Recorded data
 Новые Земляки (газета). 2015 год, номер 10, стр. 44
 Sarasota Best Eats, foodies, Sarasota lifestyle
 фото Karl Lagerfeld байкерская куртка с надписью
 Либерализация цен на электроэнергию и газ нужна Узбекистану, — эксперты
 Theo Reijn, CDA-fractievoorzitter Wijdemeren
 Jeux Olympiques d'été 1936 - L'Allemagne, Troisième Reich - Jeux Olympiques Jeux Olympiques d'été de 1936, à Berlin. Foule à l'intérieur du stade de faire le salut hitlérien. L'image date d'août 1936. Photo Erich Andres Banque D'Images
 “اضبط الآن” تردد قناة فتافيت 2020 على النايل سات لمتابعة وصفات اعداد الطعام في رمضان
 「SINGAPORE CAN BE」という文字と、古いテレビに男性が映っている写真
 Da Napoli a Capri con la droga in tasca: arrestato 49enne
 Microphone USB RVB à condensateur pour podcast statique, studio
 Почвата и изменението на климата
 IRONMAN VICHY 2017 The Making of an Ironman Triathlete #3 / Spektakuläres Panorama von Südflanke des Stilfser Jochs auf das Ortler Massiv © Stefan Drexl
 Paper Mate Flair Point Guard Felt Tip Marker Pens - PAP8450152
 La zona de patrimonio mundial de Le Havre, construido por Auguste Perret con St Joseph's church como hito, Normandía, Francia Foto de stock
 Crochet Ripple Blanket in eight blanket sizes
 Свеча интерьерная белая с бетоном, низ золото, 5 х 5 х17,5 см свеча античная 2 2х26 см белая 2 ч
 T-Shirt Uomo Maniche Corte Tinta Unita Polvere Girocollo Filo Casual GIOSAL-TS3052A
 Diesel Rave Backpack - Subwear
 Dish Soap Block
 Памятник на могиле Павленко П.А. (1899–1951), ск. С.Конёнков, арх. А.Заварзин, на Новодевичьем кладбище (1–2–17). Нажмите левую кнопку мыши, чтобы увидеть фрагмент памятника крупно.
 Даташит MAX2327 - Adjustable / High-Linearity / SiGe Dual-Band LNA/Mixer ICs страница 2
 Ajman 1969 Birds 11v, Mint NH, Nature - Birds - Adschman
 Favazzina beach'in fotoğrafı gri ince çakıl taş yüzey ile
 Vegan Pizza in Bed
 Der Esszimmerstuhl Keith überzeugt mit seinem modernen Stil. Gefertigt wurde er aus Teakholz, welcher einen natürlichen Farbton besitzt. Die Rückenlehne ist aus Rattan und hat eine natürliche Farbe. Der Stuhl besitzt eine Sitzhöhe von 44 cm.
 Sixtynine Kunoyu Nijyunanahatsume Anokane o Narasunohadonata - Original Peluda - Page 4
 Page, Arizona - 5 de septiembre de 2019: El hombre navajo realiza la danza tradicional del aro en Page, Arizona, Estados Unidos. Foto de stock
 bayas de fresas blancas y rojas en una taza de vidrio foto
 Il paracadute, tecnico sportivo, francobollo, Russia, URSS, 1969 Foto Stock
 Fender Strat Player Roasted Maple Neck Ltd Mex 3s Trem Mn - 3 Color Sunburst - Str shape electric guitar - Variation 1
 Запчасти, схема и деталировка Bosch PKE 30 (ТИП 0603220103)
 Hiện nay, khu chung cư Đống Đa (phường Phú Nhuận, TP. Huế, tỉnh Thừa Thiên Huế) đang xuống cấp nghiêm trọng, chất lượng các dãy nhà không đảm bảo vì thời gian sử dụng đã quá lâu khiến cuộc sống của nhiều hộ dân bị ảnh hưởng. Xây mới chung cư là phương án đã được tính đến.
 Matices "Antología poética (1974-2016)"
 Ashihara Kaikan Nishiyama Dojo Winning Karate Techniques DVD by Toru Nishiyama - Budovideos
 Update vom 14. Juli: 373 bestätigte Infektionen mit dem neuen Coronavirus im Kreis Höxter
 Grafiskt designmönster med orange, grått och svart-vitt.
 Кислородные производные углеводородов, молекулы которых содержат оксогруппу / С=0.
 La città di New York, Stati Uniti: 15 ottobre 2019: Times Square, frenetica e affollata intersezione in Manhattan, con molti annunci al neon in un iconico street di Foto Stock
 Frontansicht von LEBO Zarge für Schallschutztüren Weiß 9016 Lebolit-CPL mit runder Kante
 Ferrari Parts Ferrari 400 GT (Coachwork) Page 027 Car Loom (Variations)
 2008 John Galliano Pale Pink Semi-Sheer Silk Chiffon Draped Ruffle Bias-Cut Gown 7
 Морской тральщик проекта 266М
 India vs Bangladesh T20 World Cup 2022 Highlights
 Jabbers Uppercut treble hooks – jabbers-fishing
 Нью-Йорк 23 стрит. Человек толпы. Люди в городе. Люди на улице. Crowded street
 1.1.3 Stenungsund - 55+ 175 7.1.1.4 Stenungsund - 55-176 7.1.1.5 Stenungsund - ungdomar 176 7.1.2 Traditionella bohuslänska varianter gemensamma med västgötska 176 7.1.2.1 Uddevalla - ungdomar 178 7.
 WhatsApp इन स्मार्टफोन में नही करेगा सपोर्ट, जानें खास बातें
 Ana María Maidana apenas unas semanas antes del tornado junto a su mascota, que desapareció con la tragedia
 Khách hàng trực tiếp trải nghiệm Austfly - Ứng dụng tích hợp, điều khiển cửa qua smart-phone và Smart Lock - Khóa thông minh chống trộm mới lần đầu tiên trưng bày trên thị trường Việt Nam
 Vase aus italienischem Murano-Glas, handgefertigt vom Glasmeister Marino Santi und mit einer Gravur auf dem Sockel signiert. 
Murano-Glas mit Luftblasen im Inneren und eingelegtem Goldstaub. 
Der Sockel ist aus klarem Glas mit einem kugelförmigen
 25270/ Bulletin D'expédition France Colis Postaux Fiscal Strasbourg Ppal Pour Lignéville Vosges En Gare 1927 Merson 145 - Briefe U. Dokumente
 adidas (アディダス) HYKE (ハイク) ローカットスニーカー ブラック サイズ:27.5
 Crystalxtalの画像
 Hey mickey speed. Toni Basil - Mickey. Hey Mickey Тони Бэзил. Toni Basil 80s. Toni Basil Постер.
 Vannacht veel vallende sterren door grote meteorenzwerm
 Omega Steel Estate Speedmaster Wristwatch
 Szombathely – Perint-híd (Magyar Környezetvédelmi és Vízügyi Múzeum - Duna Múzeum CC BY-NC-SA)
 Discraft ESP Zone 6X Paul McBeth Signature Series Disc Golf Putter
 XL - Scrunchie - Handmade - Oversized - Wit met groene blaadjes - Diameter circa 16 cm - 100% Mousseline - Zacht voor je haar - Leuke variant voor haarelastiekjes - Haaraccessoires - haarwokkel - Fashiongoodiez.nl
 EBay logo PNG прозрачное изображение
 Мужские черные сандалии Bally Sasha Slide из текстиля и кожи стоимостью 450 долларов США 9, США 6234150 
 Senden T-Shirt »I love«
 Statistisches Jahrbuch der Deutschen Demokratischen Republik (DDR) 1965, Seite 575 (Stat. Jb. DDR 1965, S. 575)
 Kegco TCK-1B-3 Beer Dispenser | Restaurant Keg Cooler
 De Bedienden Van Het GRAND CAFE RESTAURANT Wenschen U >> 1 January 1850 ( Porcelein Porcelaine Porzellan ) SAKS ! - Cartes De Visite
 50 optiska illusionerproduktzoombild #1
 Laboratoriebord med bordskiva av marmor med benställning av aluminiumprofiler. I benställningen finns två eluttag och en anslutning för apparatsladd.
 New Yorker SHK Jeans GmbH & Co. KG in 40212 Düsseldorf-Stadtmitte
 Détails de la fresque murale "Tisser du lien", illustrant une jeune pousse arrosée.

**Task to carry out**
Produce a verbatim copy of the lines from the one holding "Laboratoriebord med bordskiva" to the final line of the data, and nothing more.

**Response area**
 Laboratoriebord med bordskiva av marmor med benställning av aluminiumprofiler. I benställningen finns två eluttag och en anslutning för apparatsladd.
 New Yorker SHK Jeans GmbH & Co. KG in 40212 Düsseldorf-Stadtmitte
 Détails de la fresque murale "Tisser du lien", illustrant une jeune pousse arrosée.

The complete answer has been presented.